Last December, after 15 years of study, the EPA recommended dredging 40 toxic hot spots in the Hudson River. They also announced that the cleanup should be funded by General Electric which has admitted responsibility for dumping 1.3 million pounds of PCB’s into the river. Recent reports indicate the EPA Administrator Christine Todd Whitman is considering abandoning the agency’s original plan for a pilot dredging project. Whitman is expected to make her final decision this week.

“This is Administrator Whitman’s first real test on a crucial clean water issue and a litmus test for her treatment of other rivers that are Superfund sites,” said Frances Beinecke, Executive Director of NRDC (Natural Resources Defense Council). “Will she support her own agency’s recommendation – one based on sound science and more than a decade of review – or cave in to General Electric and other powerful corporations?”

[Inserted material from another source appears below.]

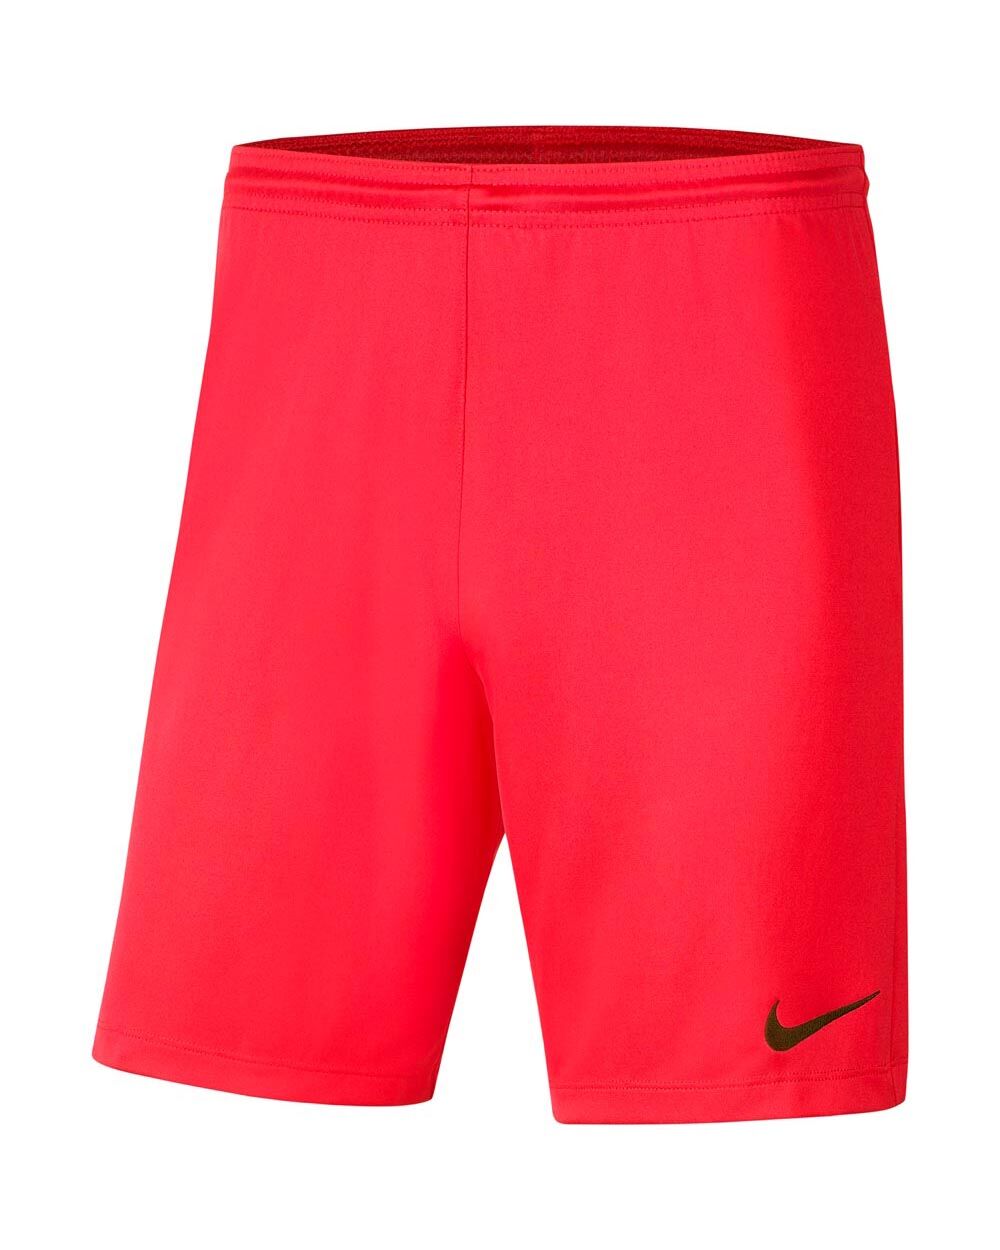 Nike Pantaloncini Park III Rosso Crimson Uomo BV6855-635 S

GE is currently negotiating cleanup costs for 87 additional Superfund sites across the country. To date, it has spent a reported $15 million on a public relations campaign against the Hudson River cleanup plan and has launched a massive lobbying effort in Washington, D.C.

“GE’s money and influence appear to have convinced the EPA that its first obligation is to big business,” Gene Karpinski, Executive Director of US Public Interest Research Group. “Given its string of anti-environmental decisions under the Bush administration, the EPA looks like it’s becoming the Polluter Protection Agency.”